[DATA SEGMENT]
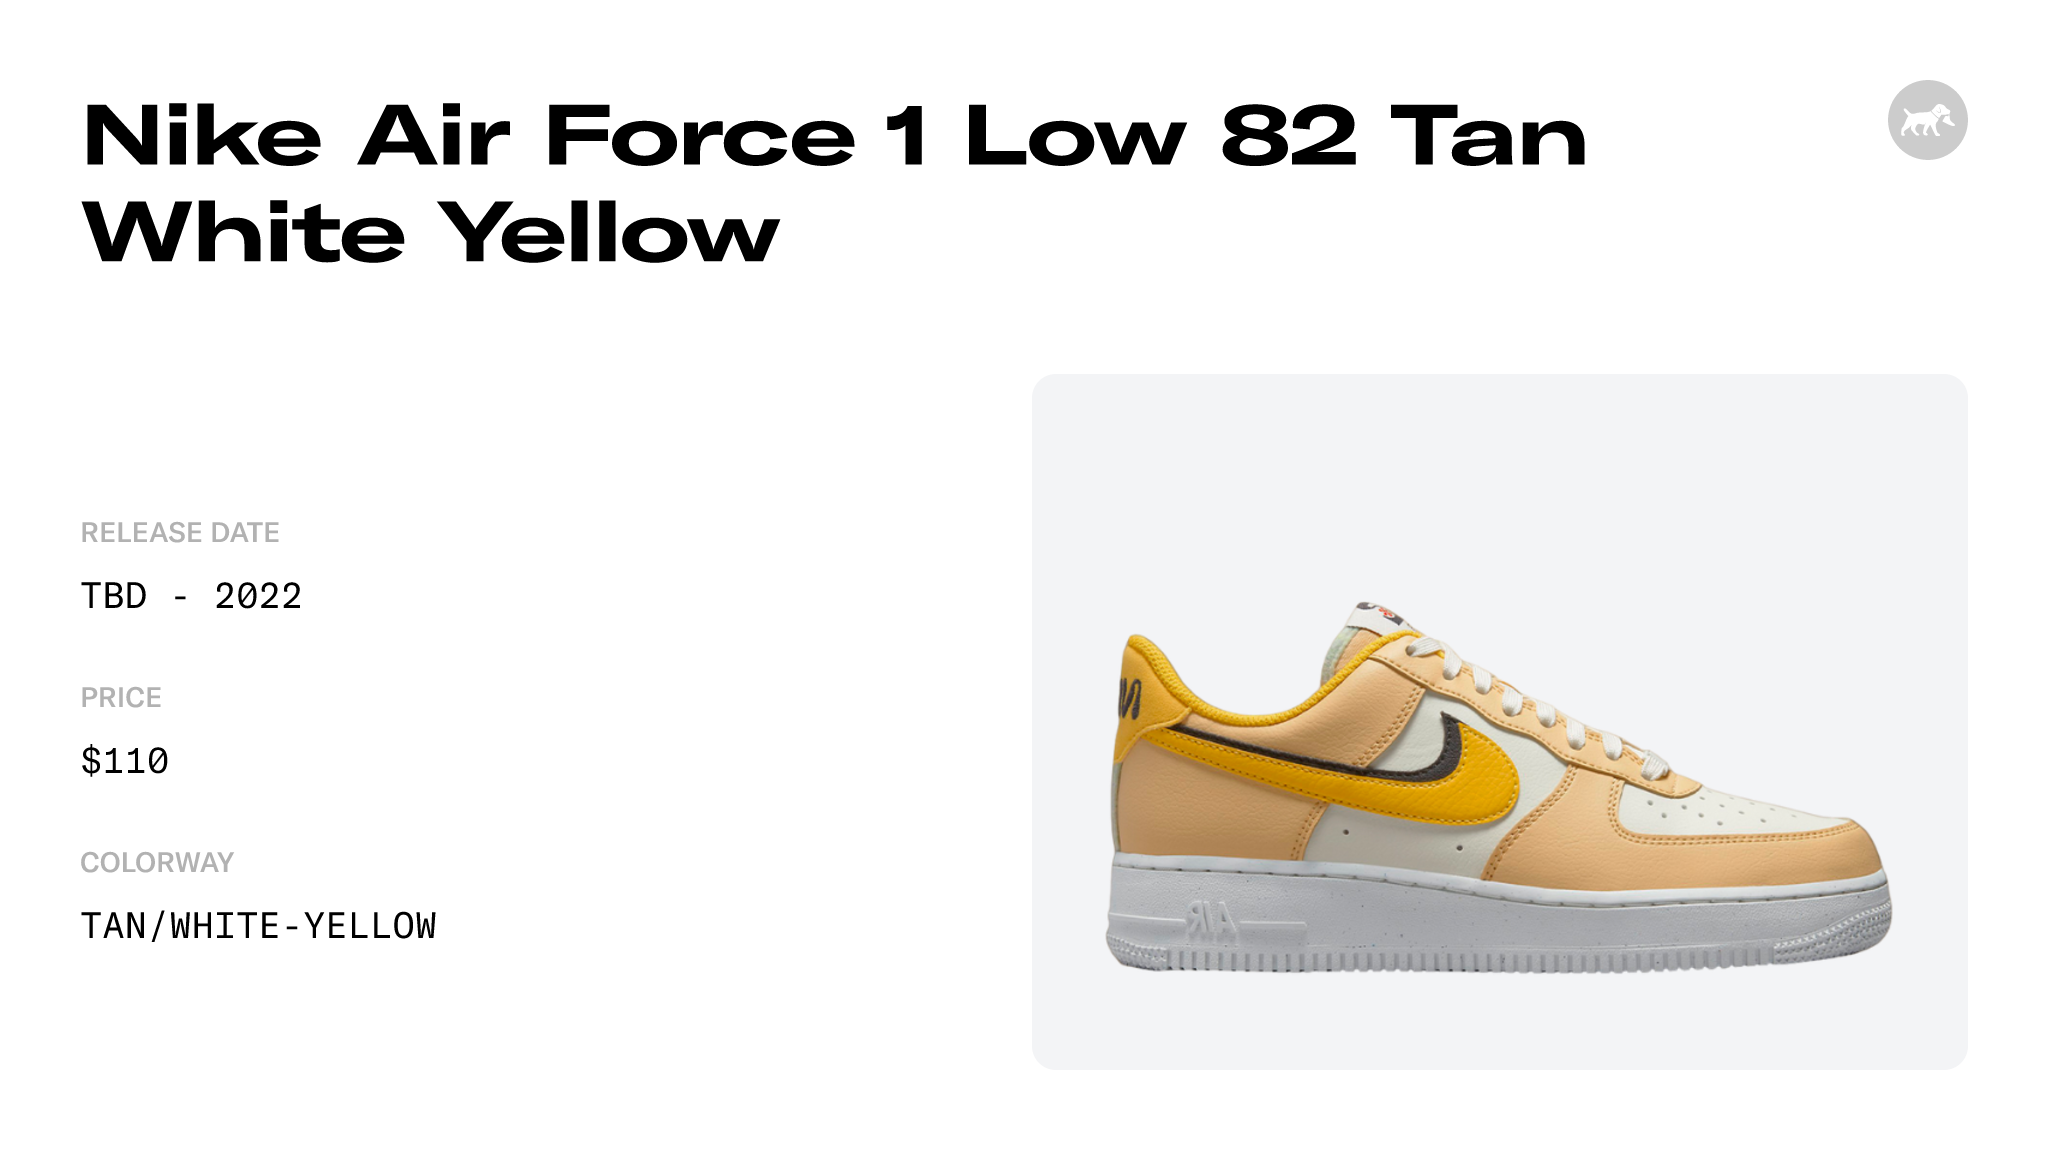 Nike Air Force 1 Low 82 White Tan DX6065-171
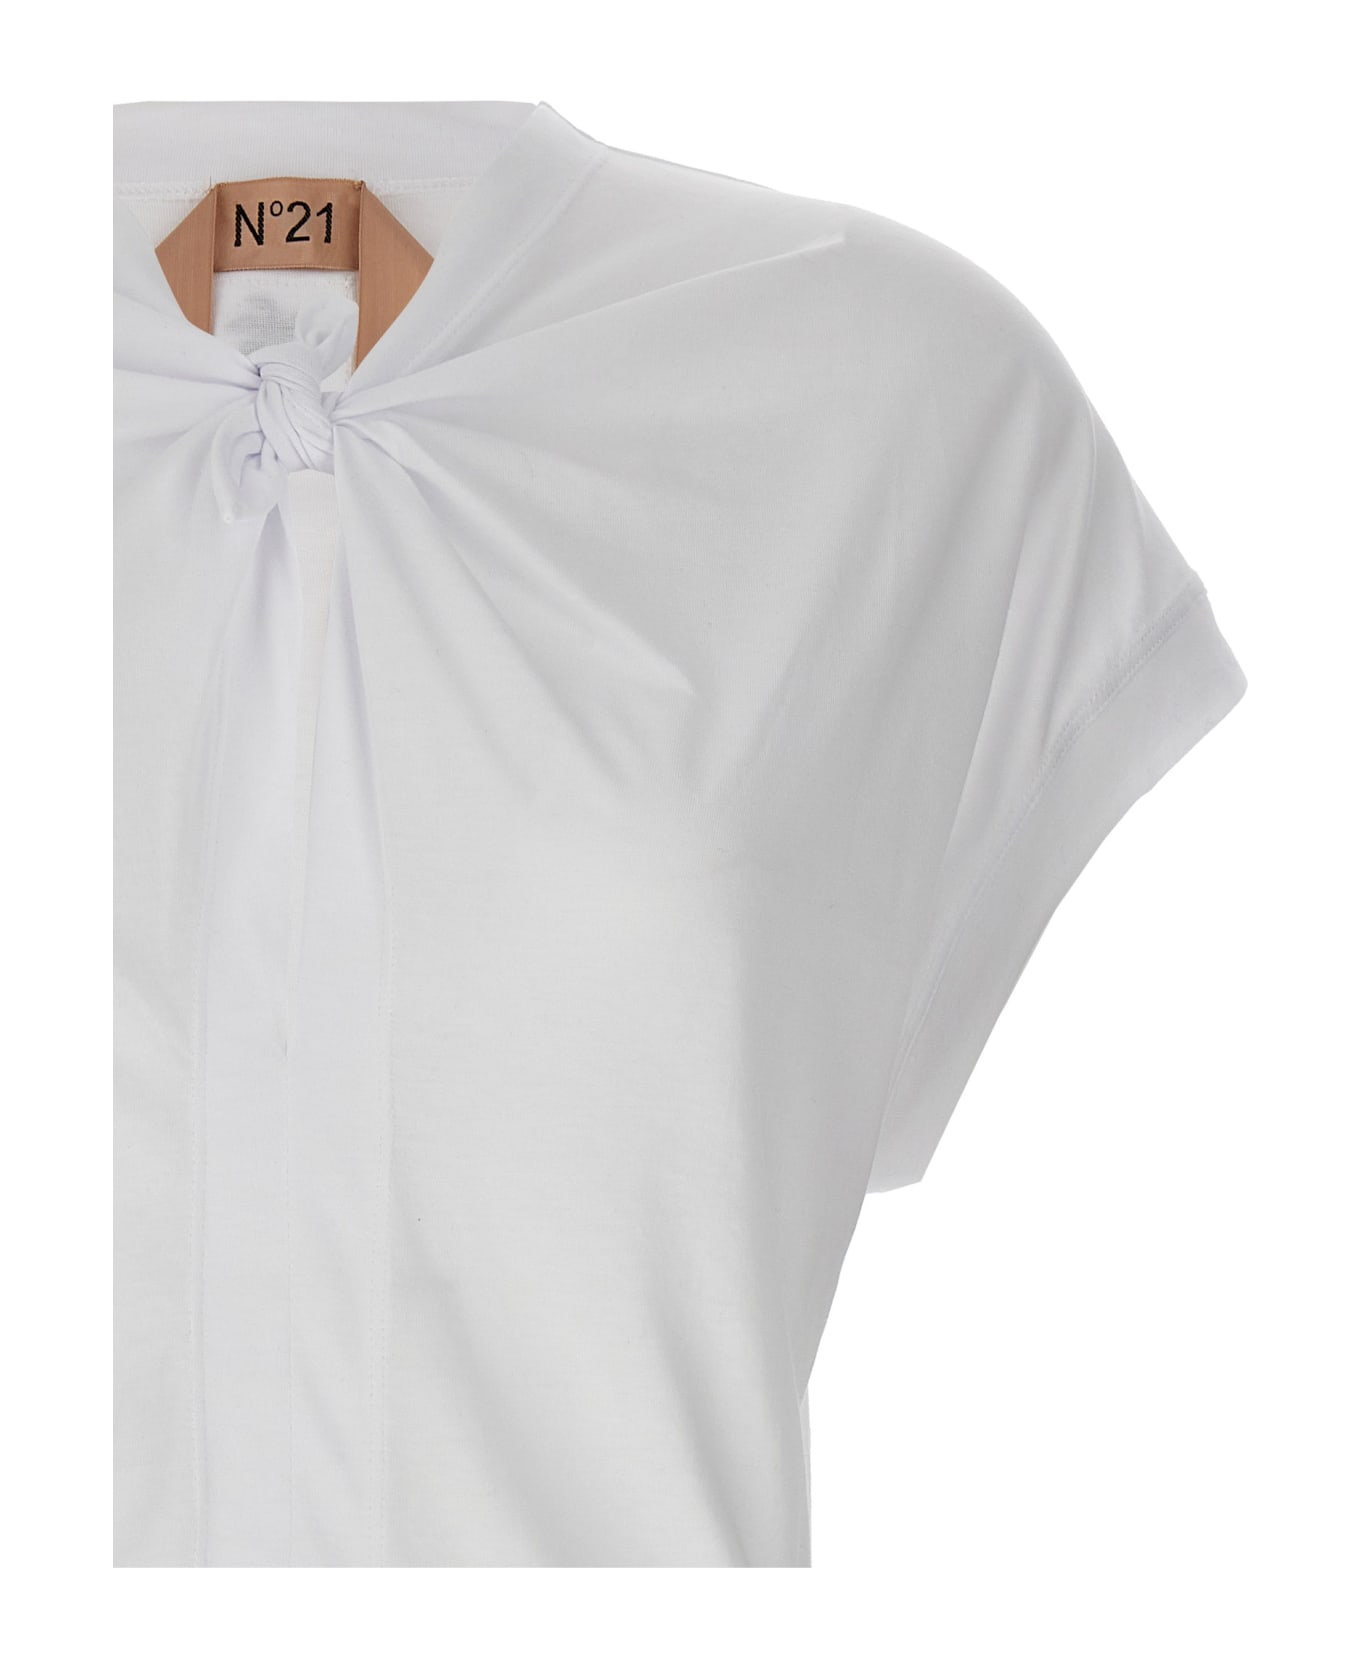 N.21 Knot Detail T-shirt - White
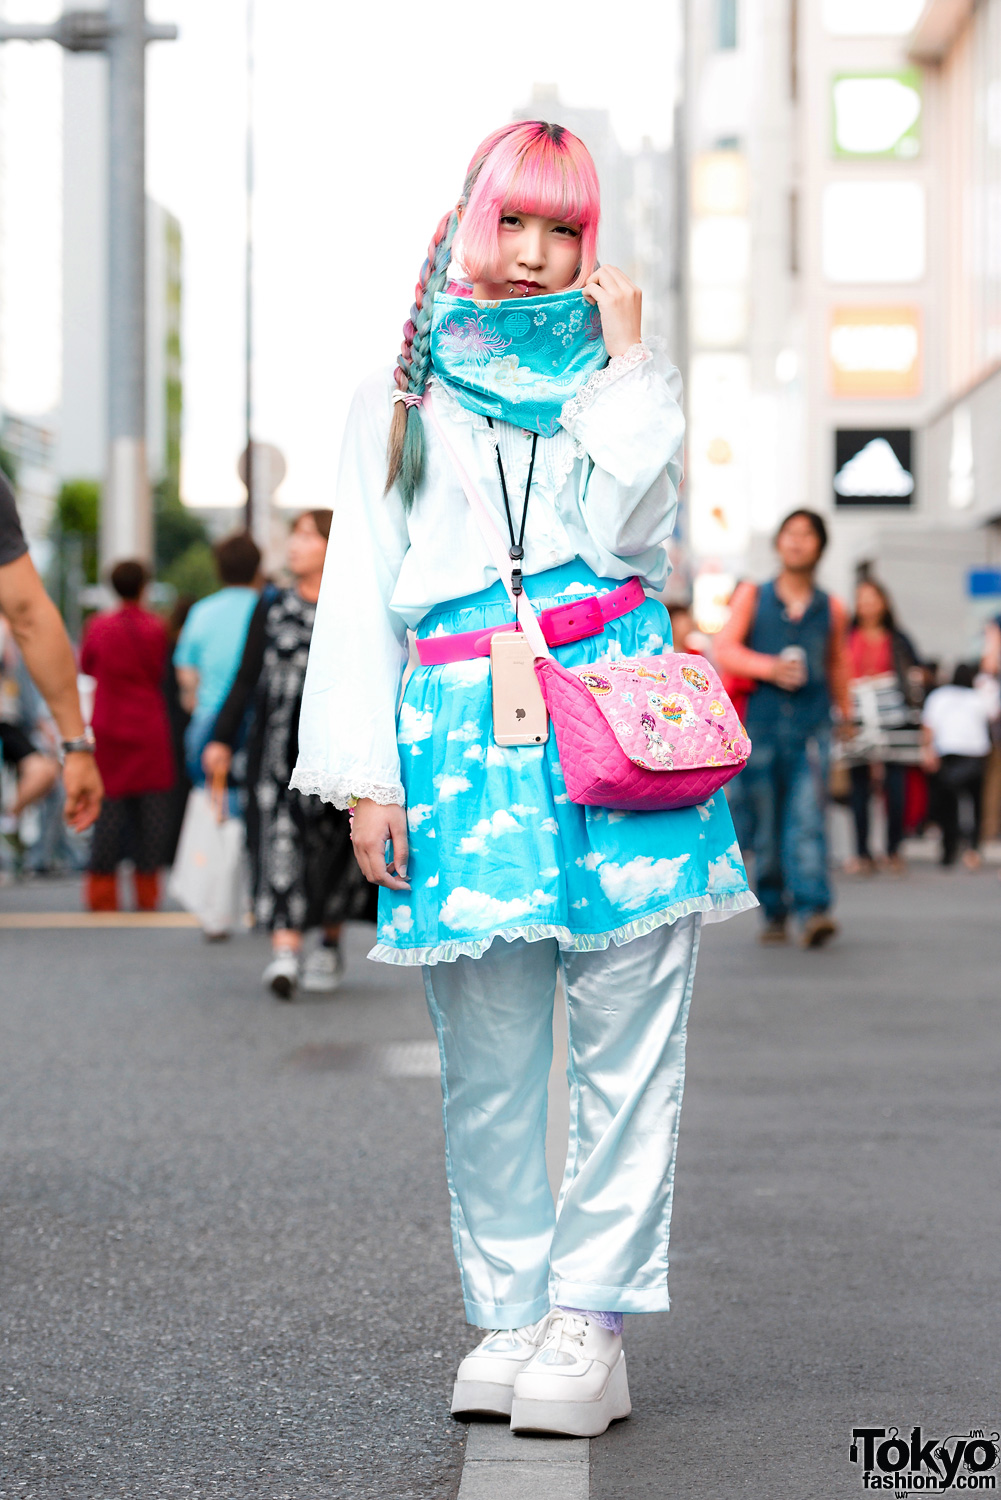 Handmade Harajuku Street Style w/ Clouds, Flowers, Pink Hair, Piercings, Cowl Scarf, Flappy & Choppy

[WHAT NEEDS TO BE DONE]
Starting at the line that contains "N.21 Knot Detail T-shirt - White" and ending at the final line of the data, reproduce each line exactly. Pictures stay out of the copy.

[SOLUTION BELOW]
 N.21 Knot Detail T-shirt - White
 Handmade Harajuku Street Style w/ Clouds, Flowers, Pink Hair, Piercings, Cowl Scarf, Flappy & Choppy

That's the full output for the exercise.